I just had one of those “programming made me happy” moments I thought I’d share.
Background
I’m working on a pure-Elixir markdown parser called earmark. As you probably know, markdown is very poorly specified, which means that each implementation wings it when it comes to edge cases.
Into this void comes Standard Markdown, a valiant attempt to create a specification for this most organic of syntaxes.
As part of their effort, they have a test suite. It’s written as a pseudo-markdown document. The tests are stanzas that look like this:
Here is a simple example of a blockquote:
.
> # Foo
> bar
> baz
.
<blockquote>
<h1>Foo</h1>
<p>bar
baz</p>
</blockquote>
.
The spaces after the `>` characters can be omitted:
.
># Foo
>bar
> baz
.
<blockquote>
<h1>Foo</h1>
<p>bar
baz</p>
</blockquote>
.
The lines containing just dots delimit the tests. The first block is the markdown input, and the second block is the expected HTML output.
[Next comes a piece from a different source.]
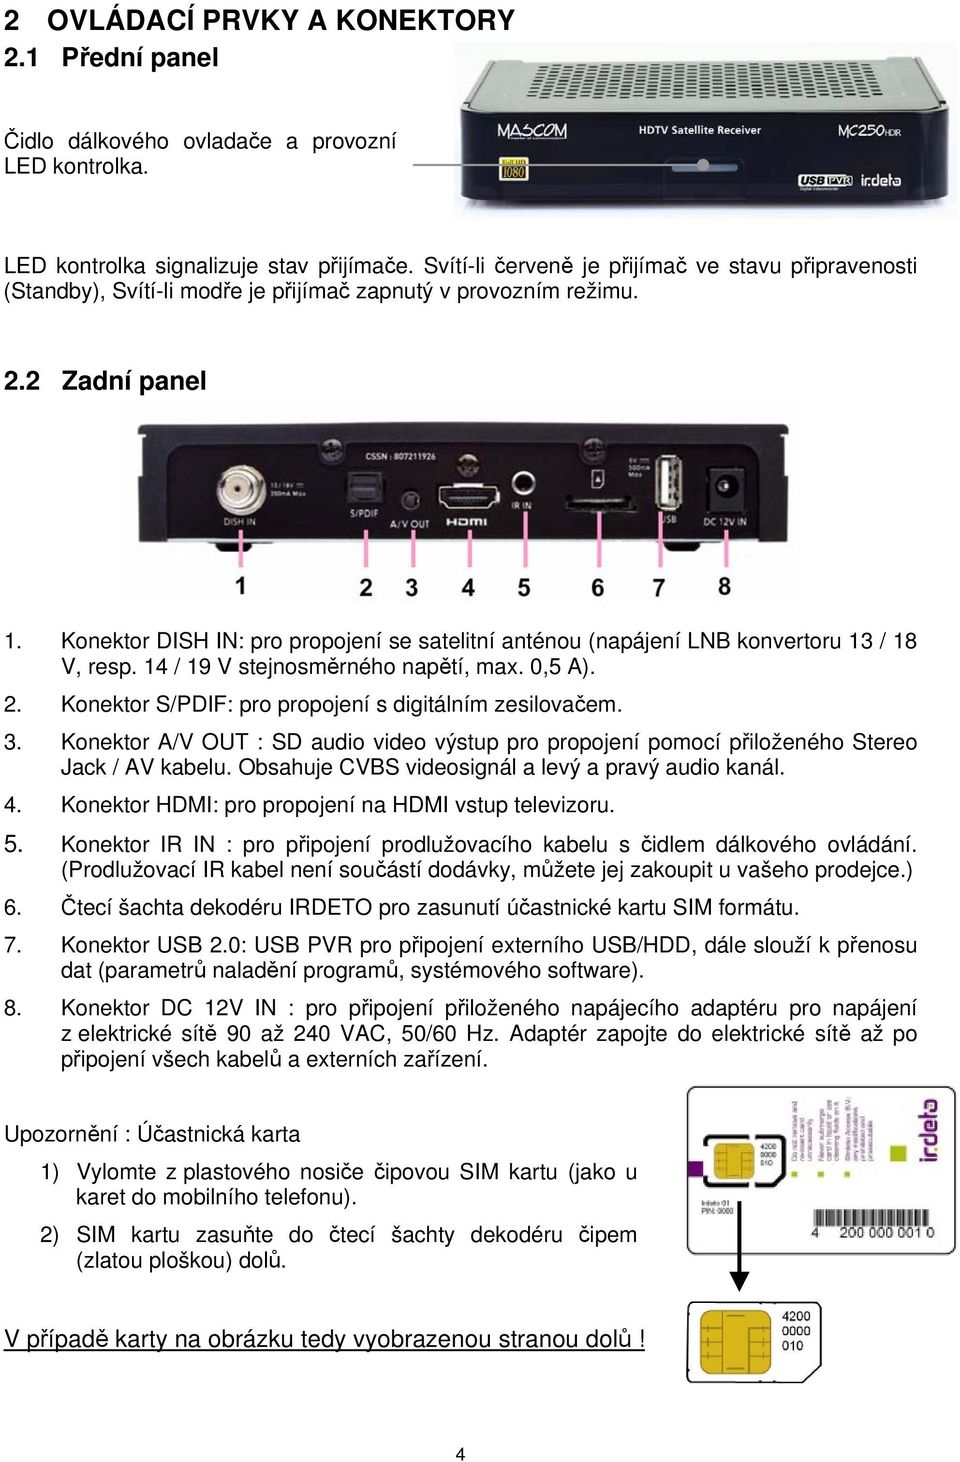 Konektor DISH IN: pro propojení se satelitní anténou (napájení LNB konvertoru 13 / 18 V, resp. 14 / 19 V stejnosměrného napětí, max. 0,5 A). 2. Konektor S/PDIF: pro propojení s digitálním zesilovačem.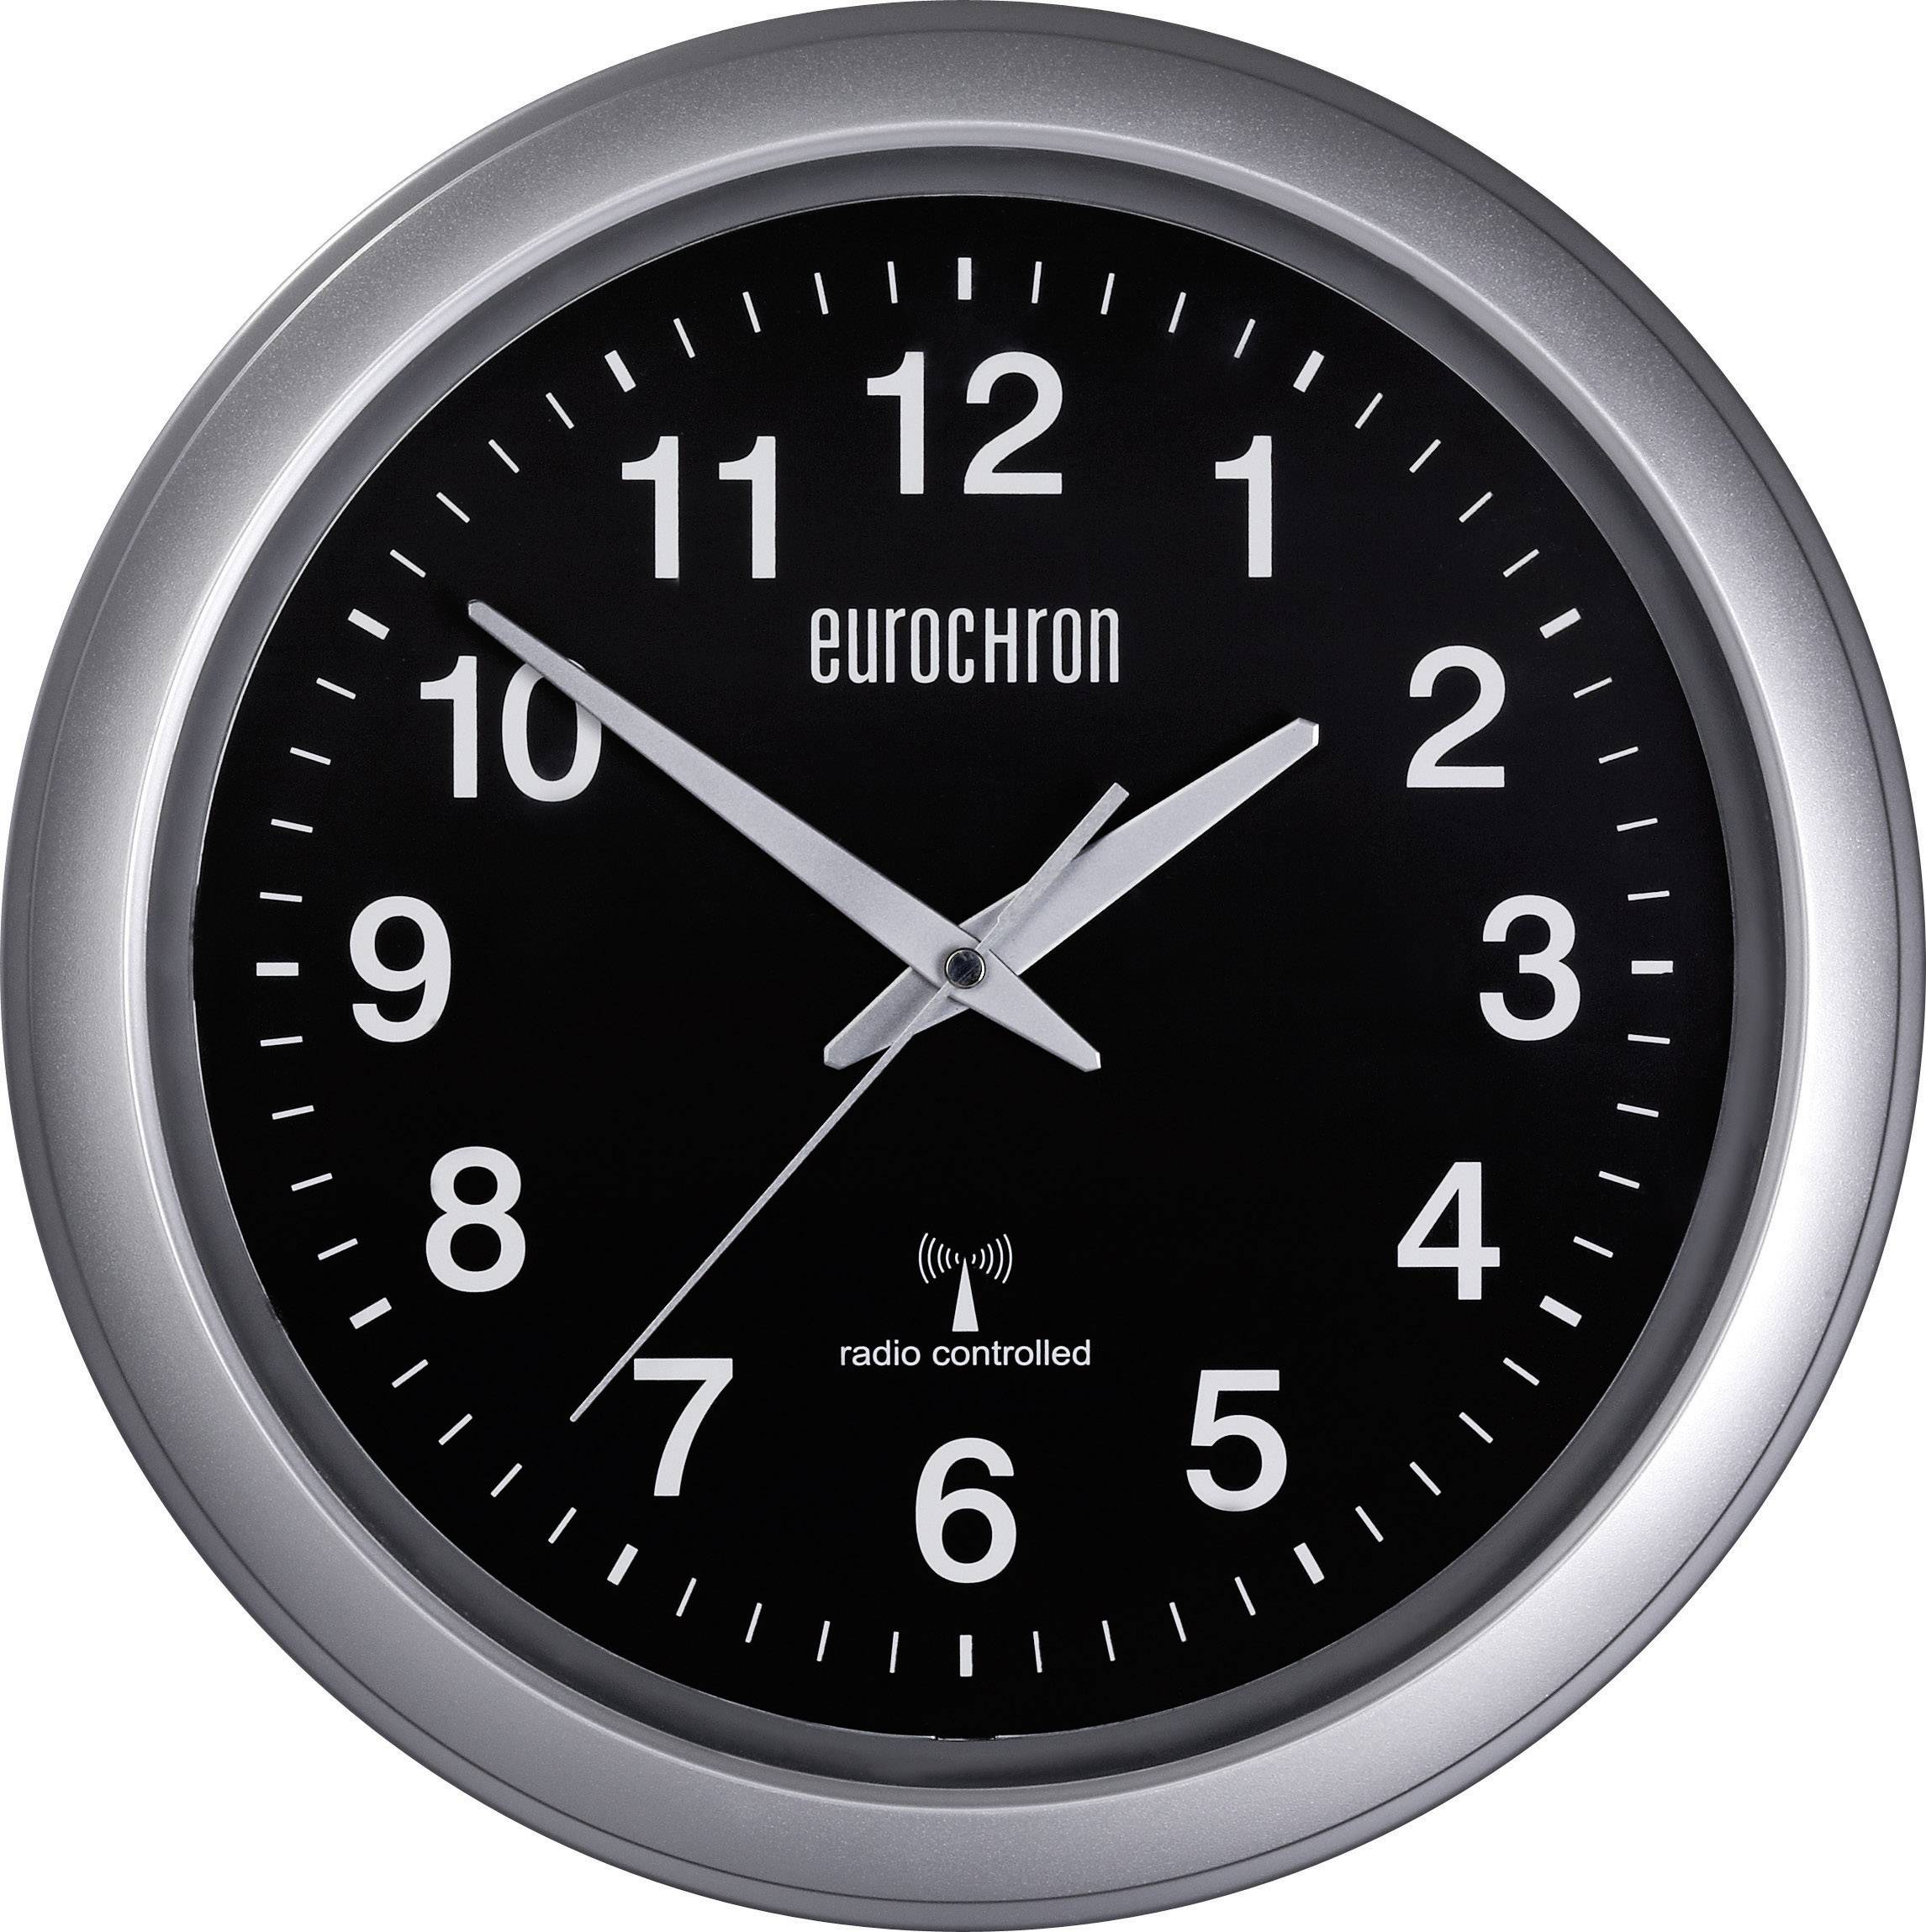 Часы control. Eurochron часы. Radio Controlled Clock. Часы настенные Eurochron. Часы SWC.

They thoughtfully provide a Perl script that runs these tests against your markdown implementation.
I wanted instead to integrate their tests into my overall test suite. This means I wanted to run their tests inside Elixir’s ExUnit.
It turns out to be fairly easy. But, along the way, I learned a little, and I smiled a lot. Here’s a brain dump of what was involved.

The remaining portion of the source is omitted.